🤖 AI Summary
This work addresses the tendency of large reasoning models to overthink simple problems and the challenge of simultaneously achieving accuracy, efficiency, and robustness across heterogeneous reasoning behaviors. The authors propose a two-stage training framework: first, mixed fine-tuning enables the model to learn both with- and without-reasoning behaviors for effective initialization; second, Correctness-Preserving Advantage Shaping (CPAS) prevents the suppression of correct long-chain reasoning, while Length-Aware Gradient Regulation (LAGR) enables adaptive reinforcement learning. Evaluated on Qwen2.5-1.5B and Qwen2.5-7B, the approach improves accuracy by up to 3.7 and 3.6 percentage points, respectively, reduces generation length by 40.6% and 43.9%, and demonstrates strong generalization and stability on out-of-distribution and multi-difficulty tasks.
📝 Abstract
Large reasoning models (LRMs) achieve strong performance through extended reasoning traces, but they often exhibit overthinking behavior for low-complexity queries. Existing efforts to mitigate this issue are fundamentally limited by unstable accuracy-efficiency trade-offs and poor robustness to heterogeneous reasoning behaviors. To address these challenges, we propose a two-stage framework for stable adaptive thinking in LRMs.
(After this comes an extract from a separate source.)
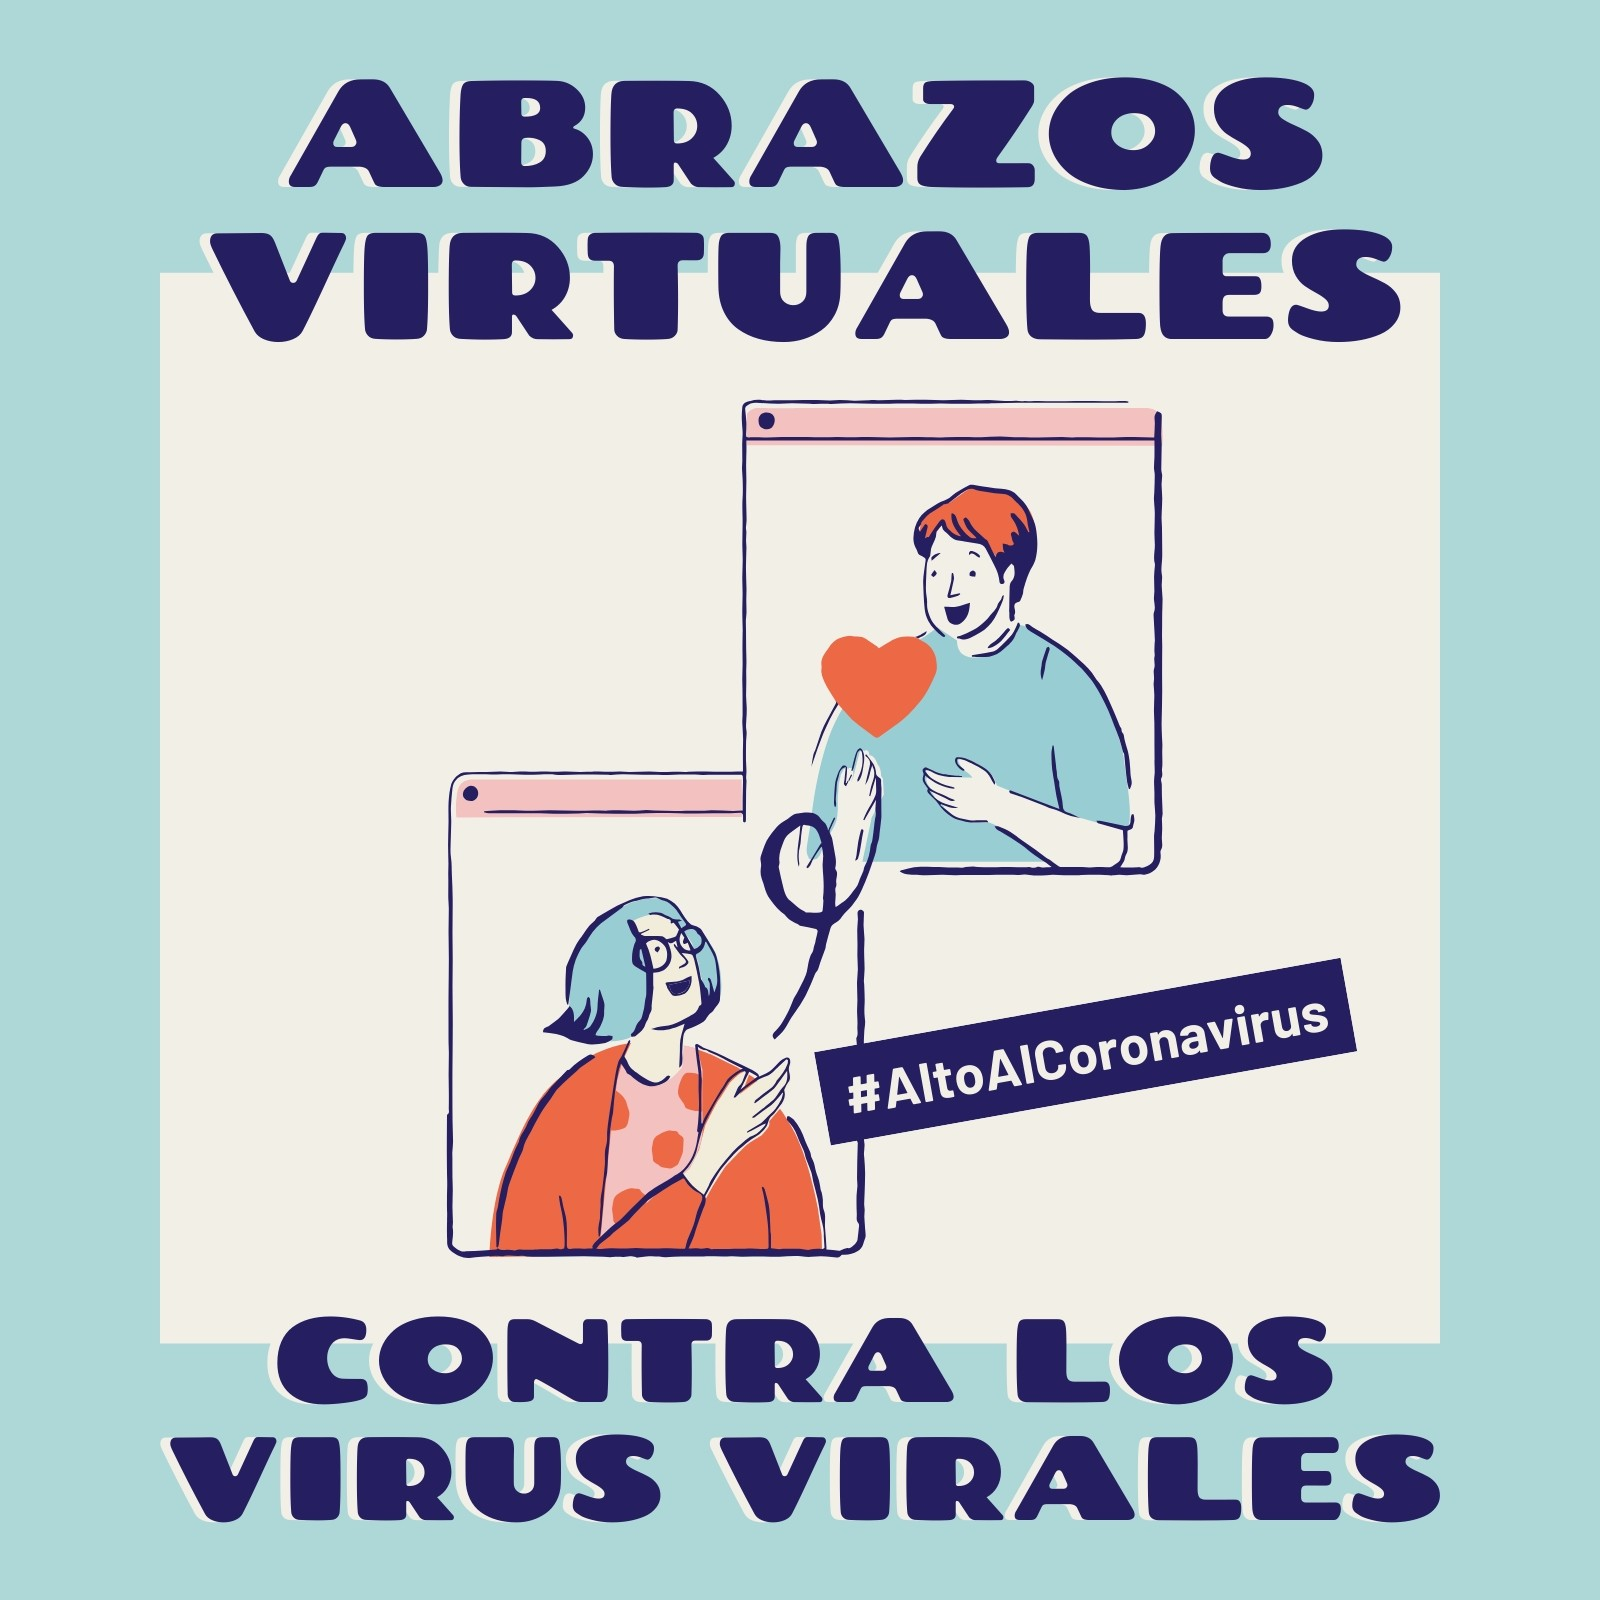 Alto Al Coronavirus Abrazos Virtuales Contra Los Virus Virales Azul y Crema Post para Instagram

The framework first applies Hybrid Fine-Tuning to expose the model to both thinking and no-thinking behaviors, establishing well-conditioned initialization. It then performs adaptive reinforcement learning with Correctness-Preserving Advantage Shaping (CPAS) to avoid suppressing correct long-chain reasoning, and Length-Aware Gradient Regulation (LAGR) to stabilize optimization under severe reasoning-length heterogeneity. Extensive experiments on Qwen2.5-1.5B and 7B show consistent improvements over strong baselines, achieving up to +3.7/+3.6 accuracy points while reducing generated tokens by 40.6%/43.9%. Further analyses across varying problem difficulties and out-of-distribution tasks confirm the robustness and generalization of our approach.